Puedo, por ejemplo, encontrar las resonancias de un cuerpo en una obra literaria, leer despacio los sonidos que la componen y reconocer el punto en que el sonido (sólo el sonido) llega a la cúspide de la tensión. Puedo encontrar en mí las vibraciones que pulsan al otro lado de la página, y sentir en la punta de los dedos el roce de una flor (cuando la hace florecer Huidobro, por ejemplo). Puedo mirar al vacío y llenarlo, de experiencia y memoria, de solidez, de dudas, de preguntas que formulan más preguntas. Puedo arrancarle voces de muy vario color a un cuerpo que sólo tenía una. Puedo reconocer una intención en un gesto sutil y escondido.
¿Puedo hacerlo en verdad? ¿De qué recursos me valgo?

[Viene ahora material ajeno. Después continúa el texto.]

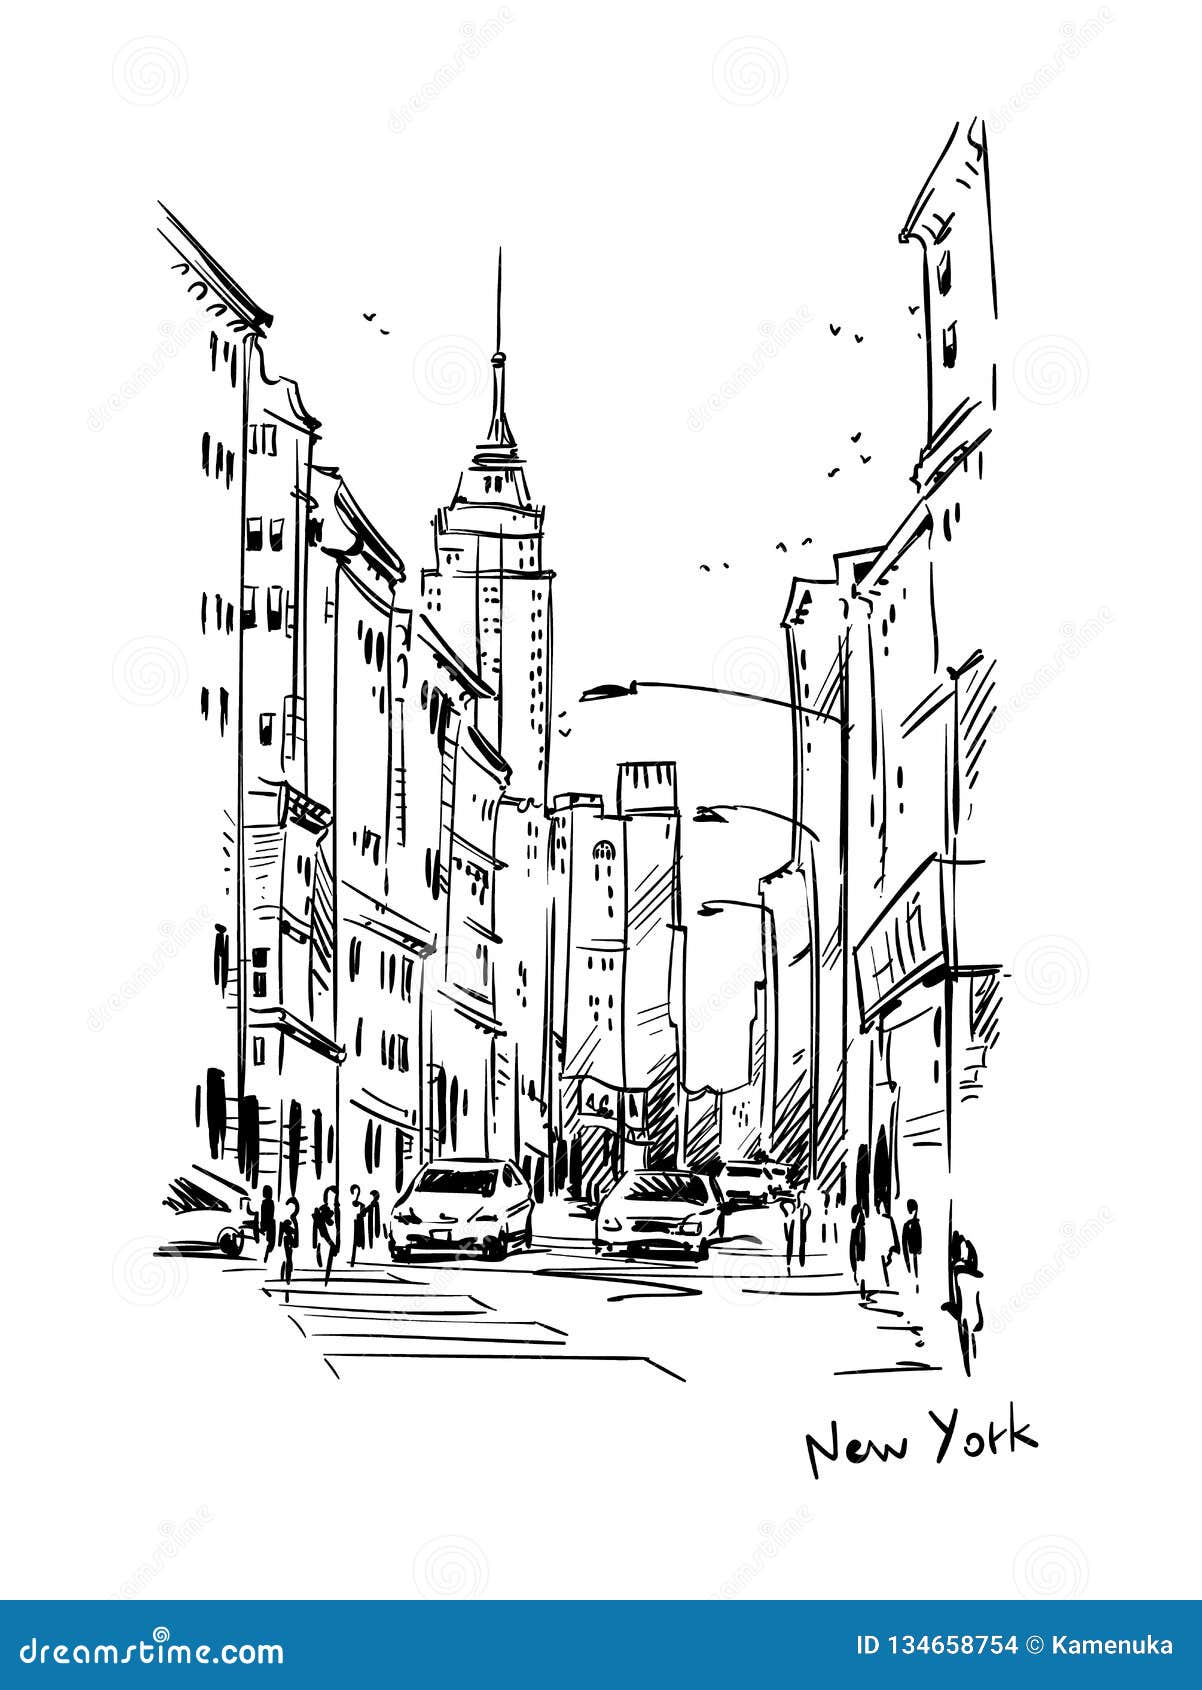 New York City Sketch by Ashen-mist on DeviantArt

Memoria, dureza (firmeza, tal vez), creatividad, rigor, práctica, determinación. Quizá.
Pero la duda no se disipa. La duda sigue, porque bien podría hacer la asunción entera y derivar sus consecuencias en función de una falacia, o de un falso problema. Y entonces toda esta certeza de que soy un buen crítico está errada, y todos estos años en que me he presumido, arrogante, entre los mejores ("soy bueno, y no te queda duda") han sido sueño.
Entonces esto que soy podría no ser yo, y la directriz que ha llevado los últimos ¿siete? años nunca tuvo rumbo.
Pero queda esperanza, que debe quedar en registro, para la memoria cuando olvide mis propias palabras: insistir, no claudicar, intentar de nuevo, comprobación fáctica, prueba y error.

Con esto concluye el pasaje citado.